(Data excerpt Opens)
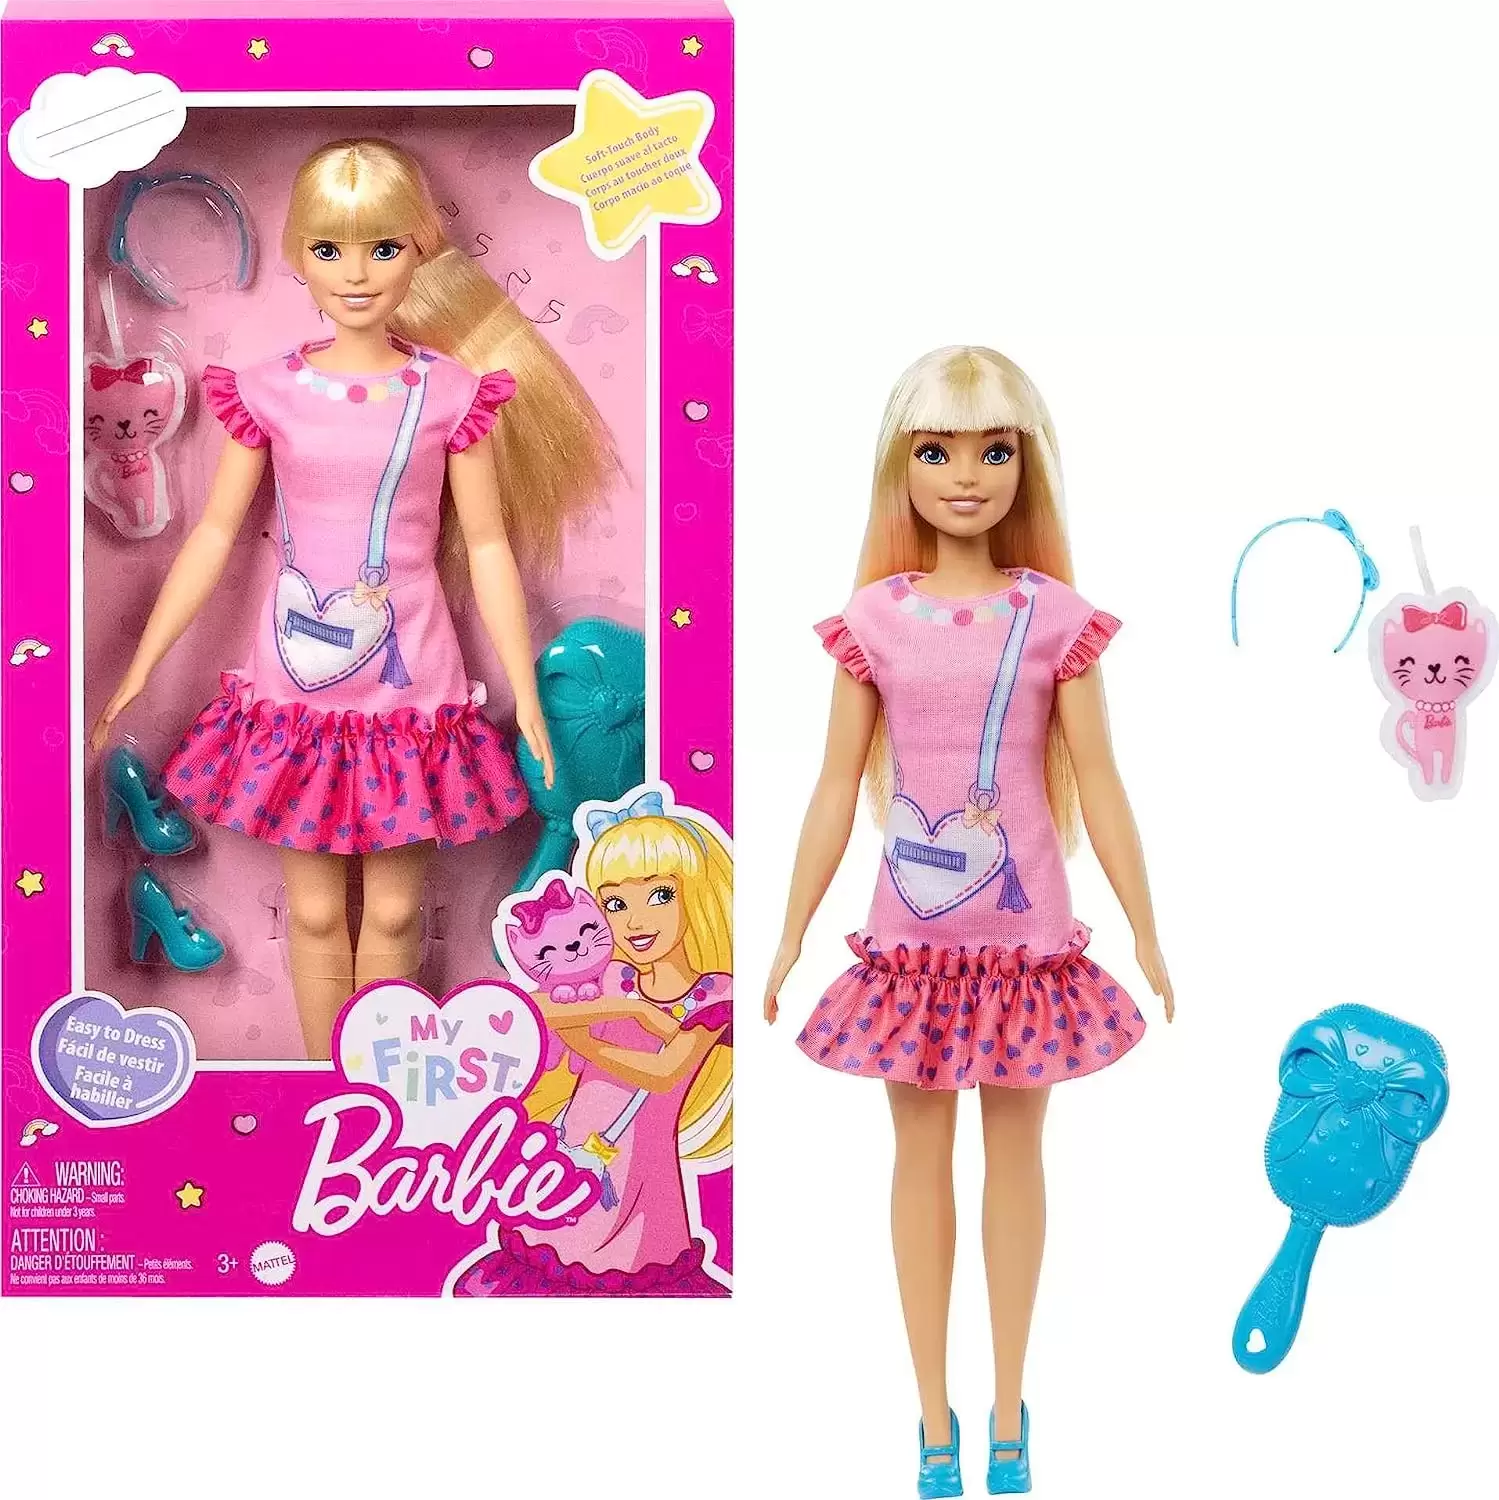 Barbie - O que devo vestir?
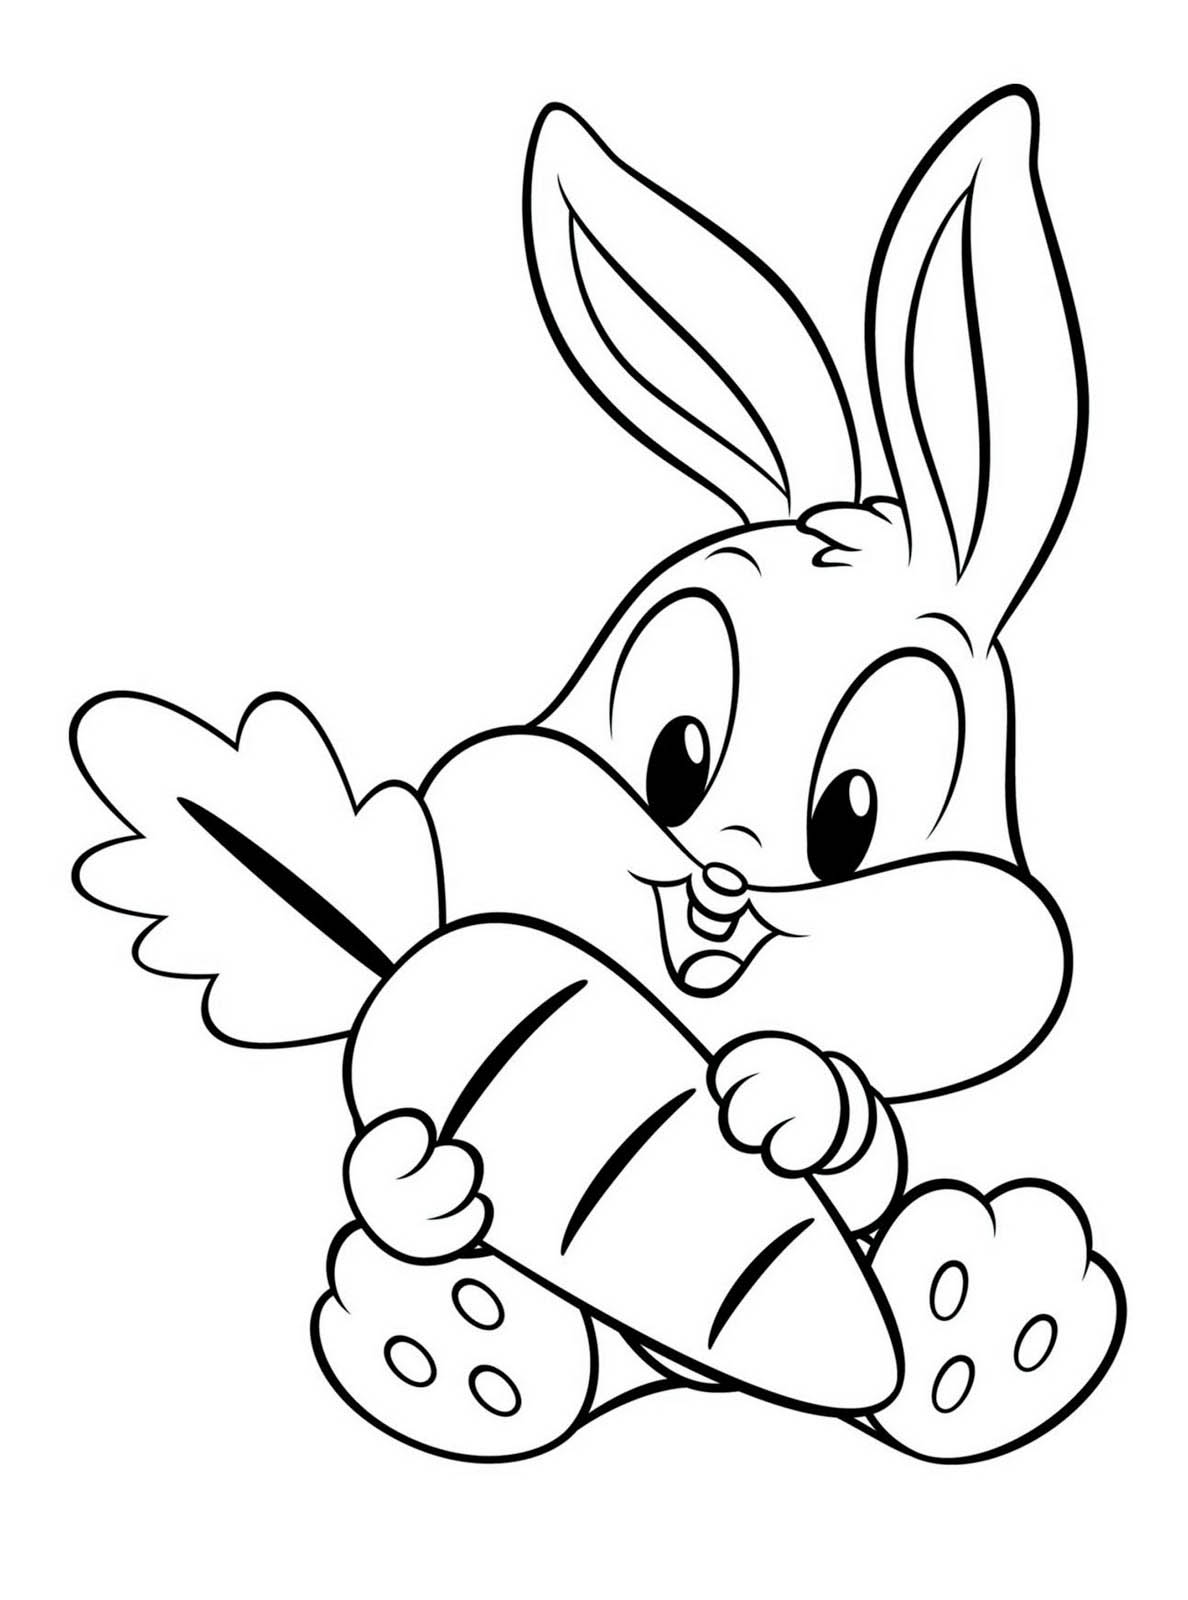 Tranh tô màu con thỏ hoạt hình
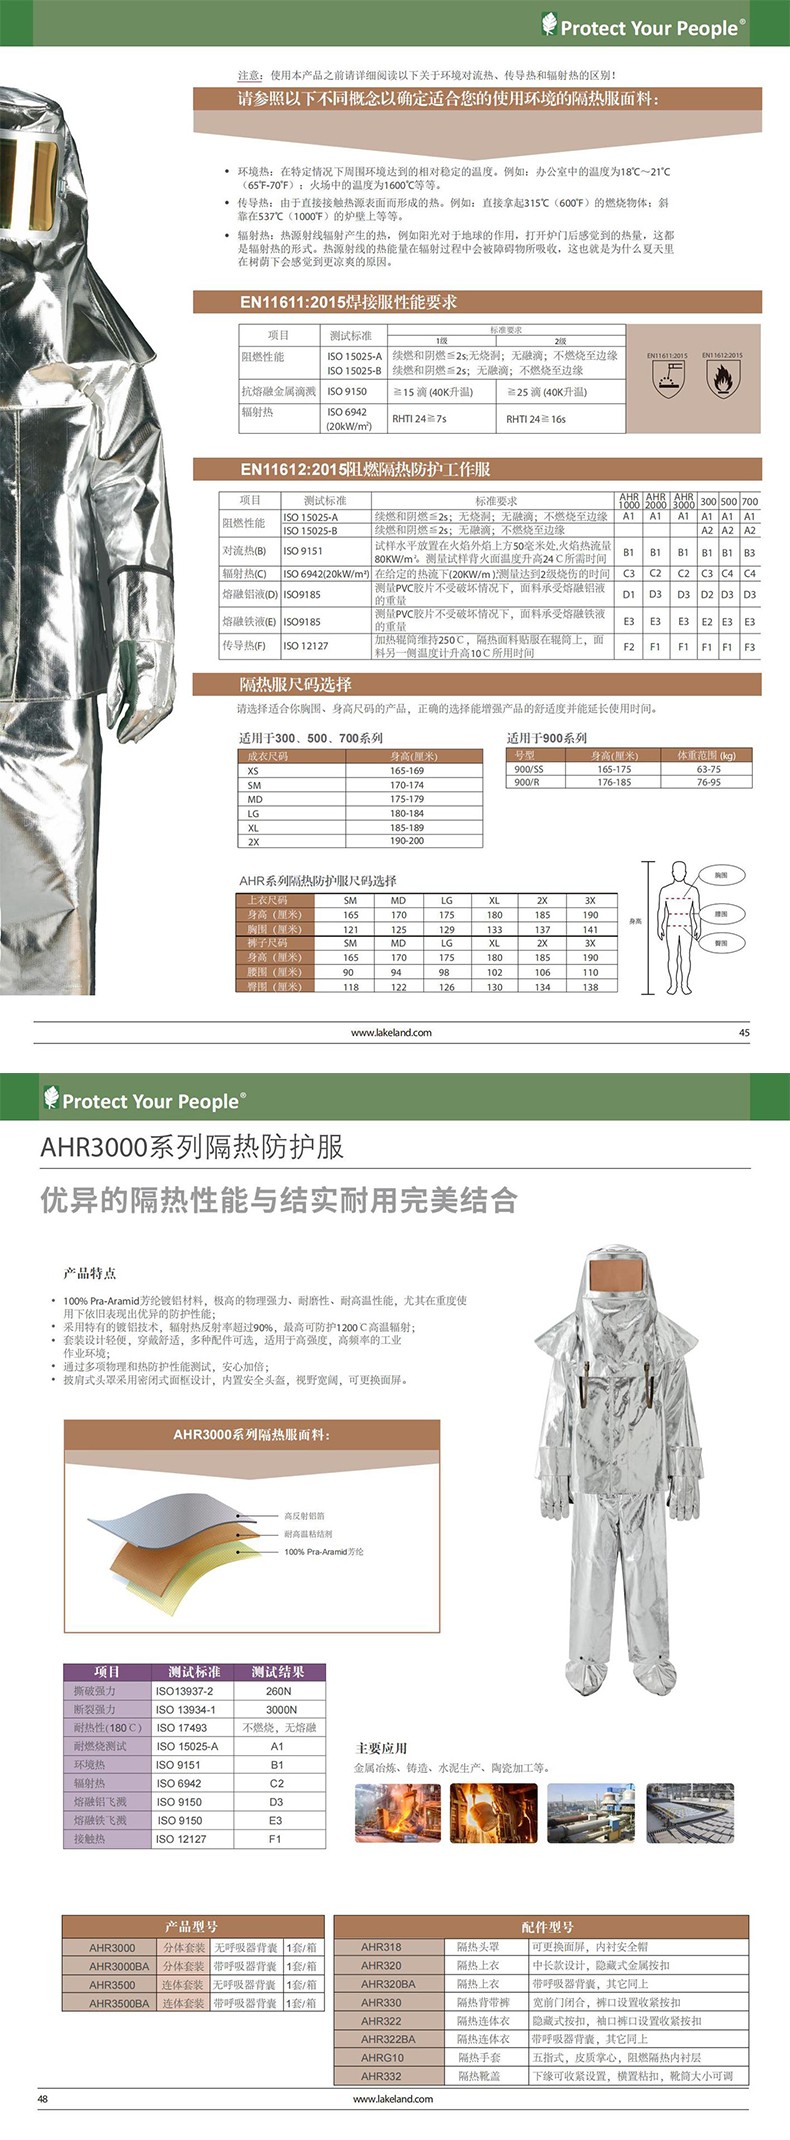 雷克兰AHR3500BA连体式带背囊隔热服套装图片
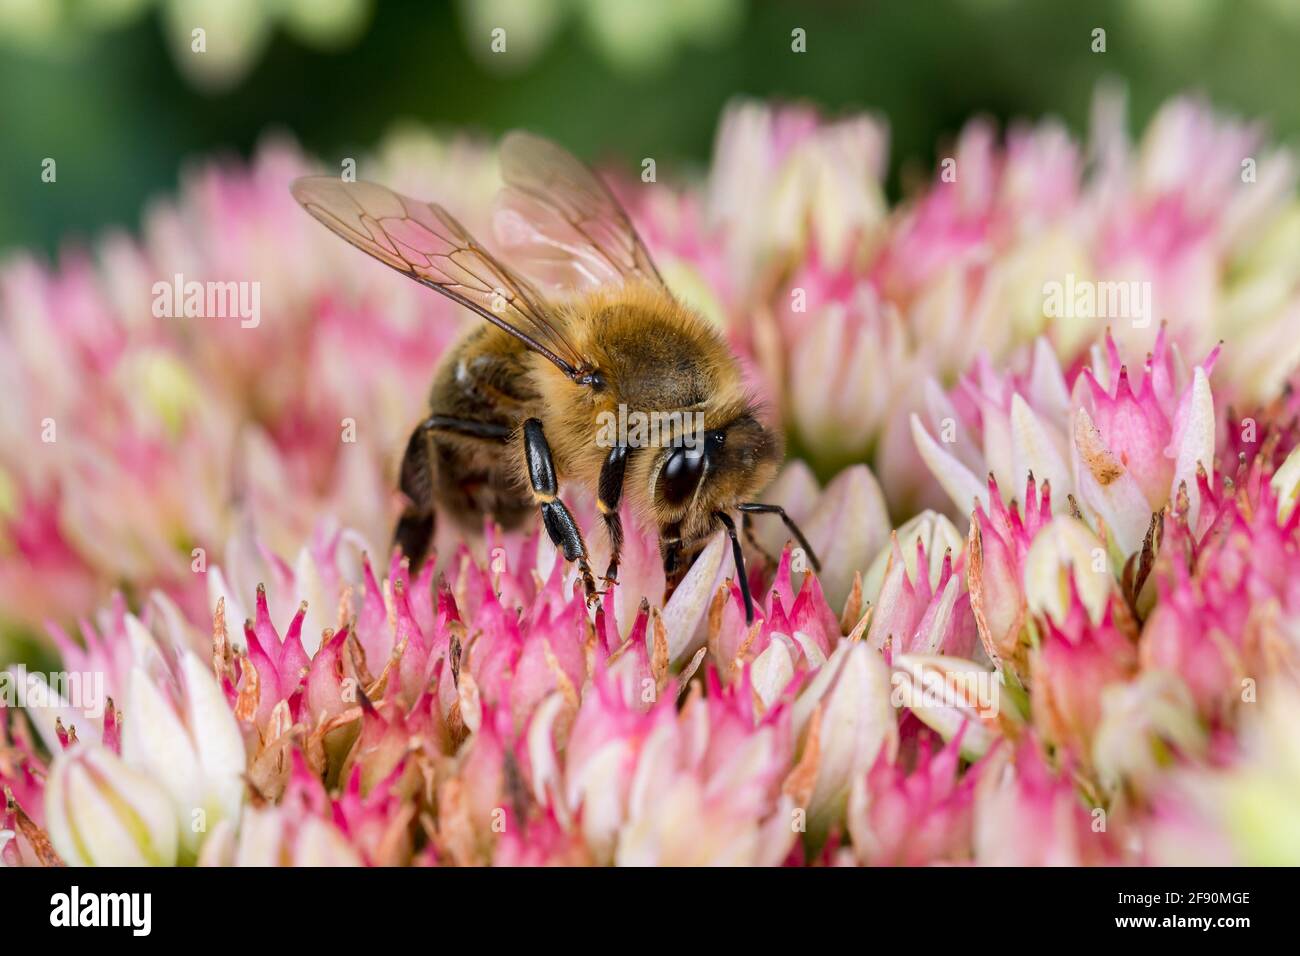 Nahaufnahme von Honigbiene auf Sedum Blume. Konzept des Insekten- und Wildtierschutzes, der Erhaltung von Lebensräumen und des Gartenblumengartens Stockfoto
(Data excerpt Closes)
Task statement:
Your answer must be an exact copy of the listing, with every picture omitted.

Worked solution:
 Barbie - O que devo vestir?
 Tranh tô màu con thỏ hoạt hình
 雷克兰AHR3500BA连体式带背囊隔热服套装图片
 Nahaufnahme von Honigbiene auf Sedum Blume. Konzept des Insekten- und Wildtierschutzes, der Erhaltung von Lebensräumen und des Gartenblumengartens Stockfoto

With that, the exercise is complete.